Por favor, Dios, sea cual sea el destino, que llegue ya. No lo soporto más.

Da igual. Quien tocó a la puerta fue Valentina. Vino a despedirse de mí. No trajo a nuestra pequeña niña. No se lo reprocho, y aunque me sienta mal por ello, lo comprendo. Nunca les conté nada acerca de mi trato con la banda, pero Valentina había intuido que algo malo estaba ocurriendo desde el instante en el cual les pedí a ella y a Isabella irse de la casa. Valentina sabía que habíamos conseguido la expendedora gracias a una deuda con esos hombres de los bajos fondos; entendía que la expendedora debía de producir cierta cantidad de dinero para darles un porcentaje descaradamente alto. En un principio se logró, por lo menos hasta la llegada de la temporada baja, y luego el fluctuar del mercado, y las ventas descendieron a picos alarmantes, y yo me vi desesperado.

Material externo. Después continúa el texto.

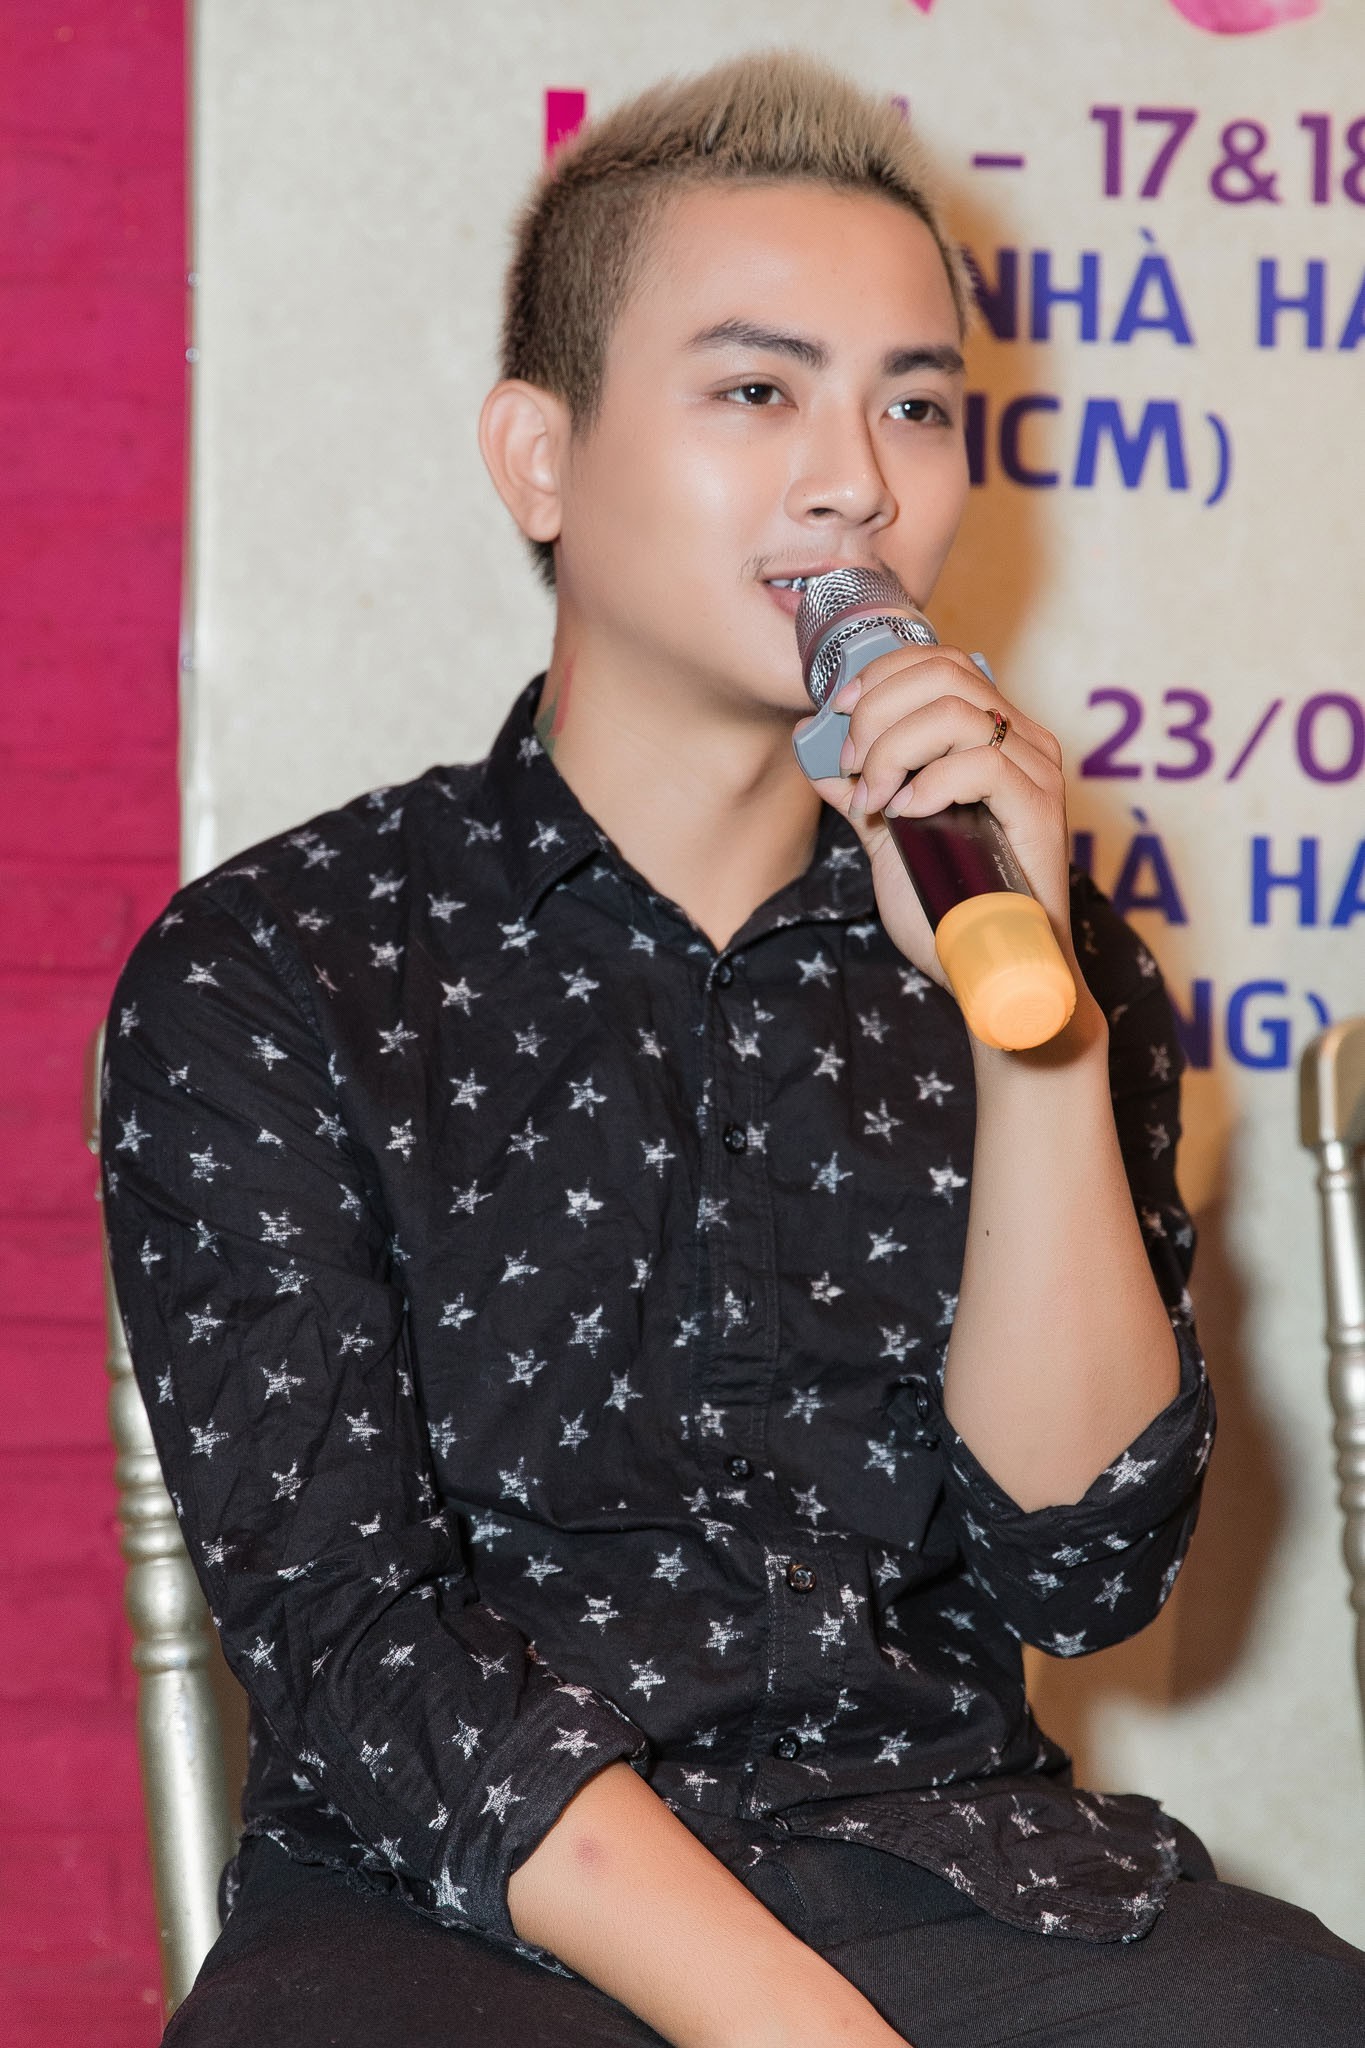 Hoài Lâm là một ca sĩ gốc Hải Phòng và đang được yêu thích trong cộng đồng yêu nhạc. Cùng xem hình ảnh của anh ta để tìm hiểu thêm về phong cách trình diễn của anh ta và các bản hit được khán giả yêu thích.

Un día, meses después de estar mintiéndole a aquella banda sobre las ganancias, a altas horas de la noche alguien aporreó a la puerta de la casa. Quienes estaban al otro lado del umbral cuando abrí no eran más que colegiales, y por eso estuve a punto de echarlos a patadas. Alarmado, trastabillé hacia atrás al ver las empuñaduras de unas armas sobresaliendo de su cintura. Los muchachos lo tomaron como una invitación a seguir y se sentaron en el sofá.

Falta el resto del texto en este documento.